+++ Exercise inputs +++

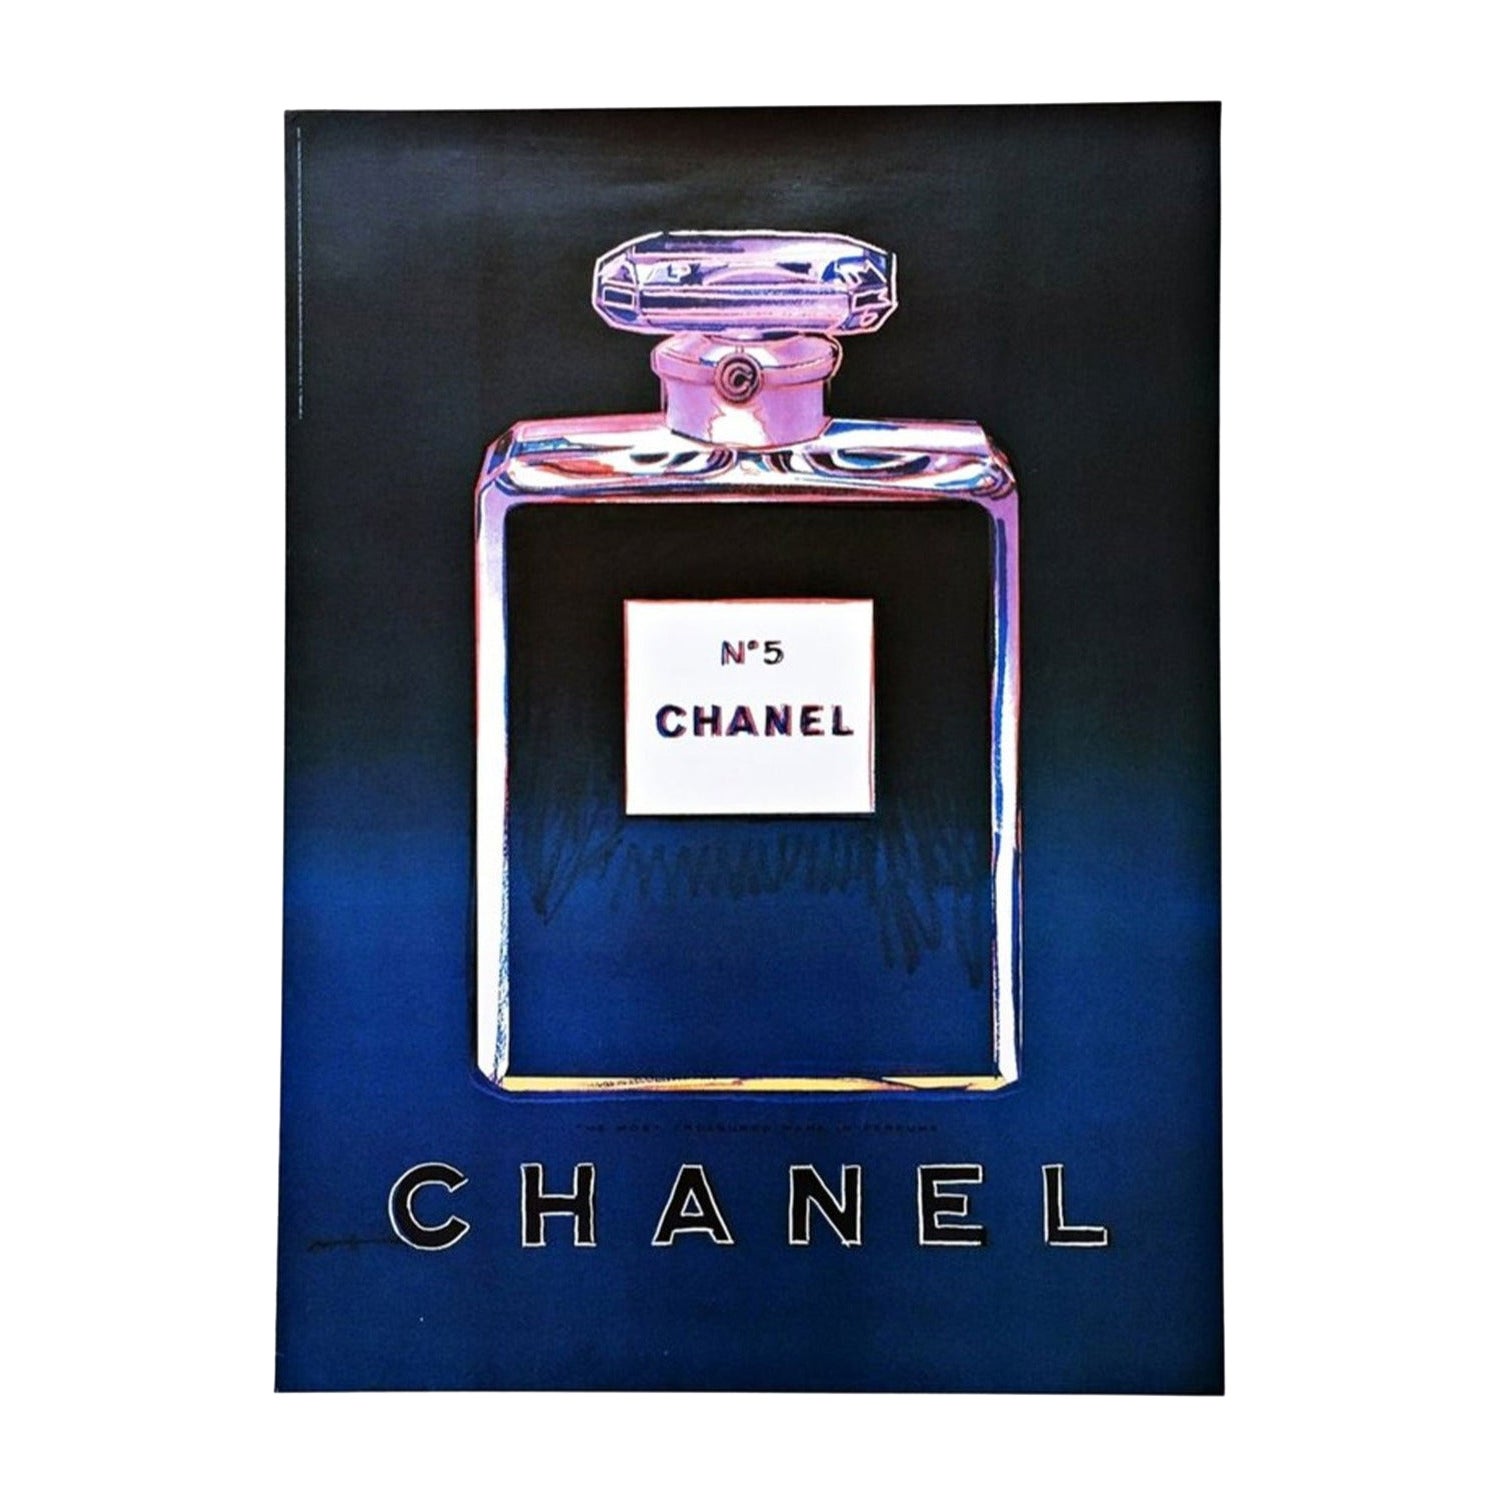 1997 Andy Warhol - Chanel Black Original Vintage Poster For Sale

+++
+++ Exercise inputs +++

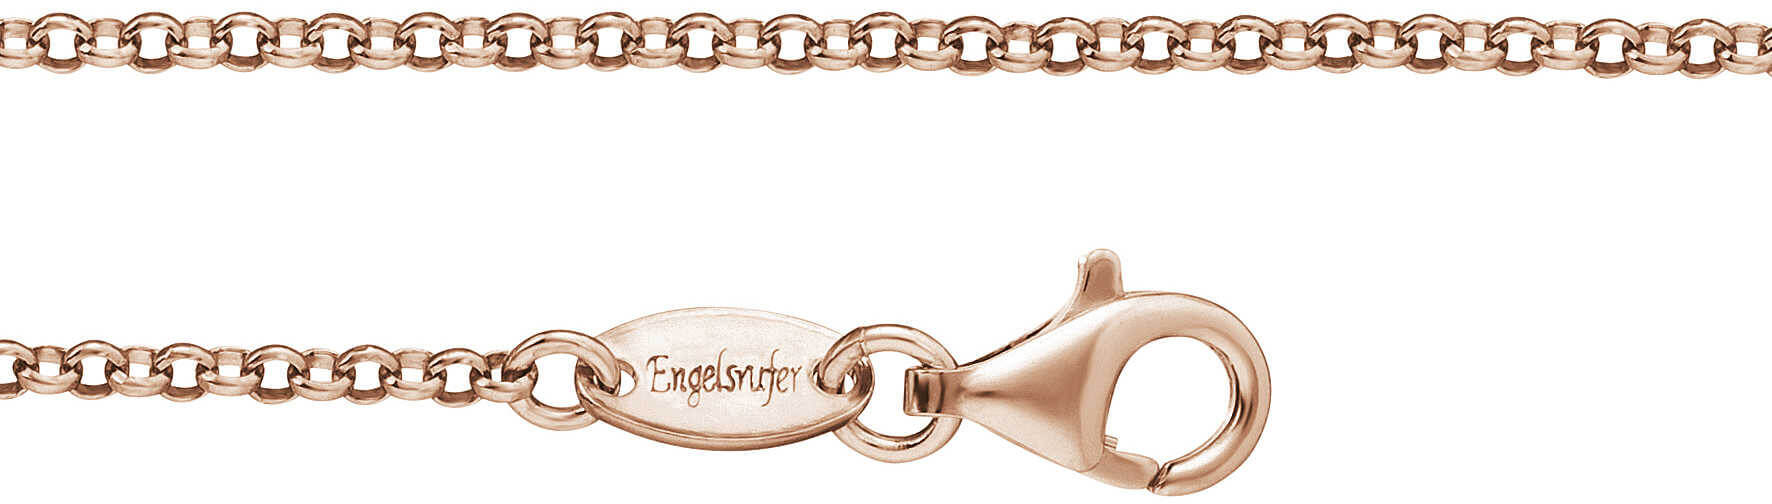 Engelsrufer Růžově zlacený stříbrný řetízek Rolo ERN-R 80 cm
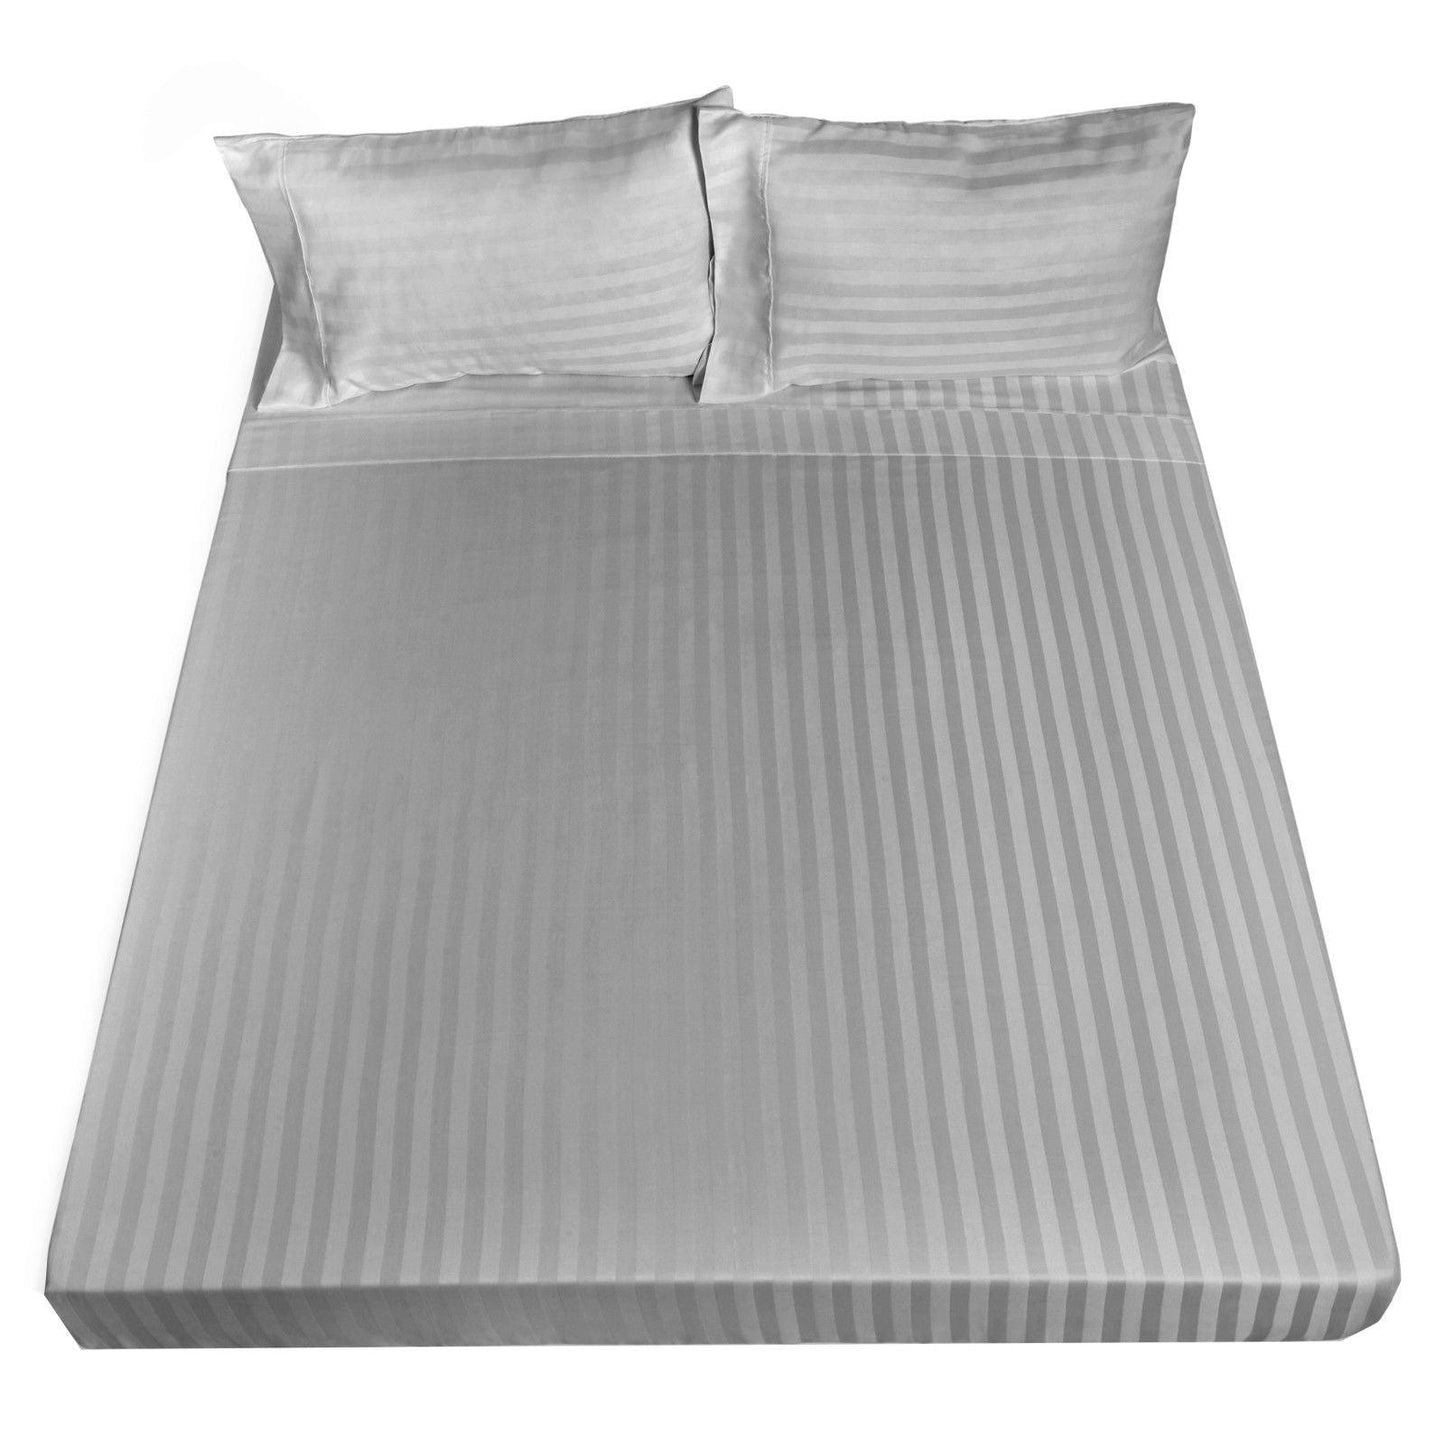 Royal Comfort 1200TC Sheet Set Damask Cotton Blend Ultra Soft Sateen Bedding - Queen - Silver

+++
+++ Exercise inputs +++

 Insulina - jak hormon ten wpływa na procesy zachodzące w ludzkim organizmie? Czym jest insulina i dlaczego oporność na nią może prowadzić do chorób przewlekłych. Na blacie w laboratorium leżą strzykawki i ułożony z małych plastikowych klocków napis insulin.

+++

* _What you need to do_:
Because only one stretch of the records is wanted, please output the lines from the one holding "Engelsrufer Růžově zlacený" through the one holding "Royal Comfort 1200TC" exactly, both included, and leave every picture out.

* _Exercise output_:
 Engelsrufer Růžově zlacený stříbrný řetízek Rolo ERN-R 80 cm
 Royal Comfort 1200TC Sheet Set Damask Cotton Blend Ultra Soft Sateen Bedding - Queen - Silver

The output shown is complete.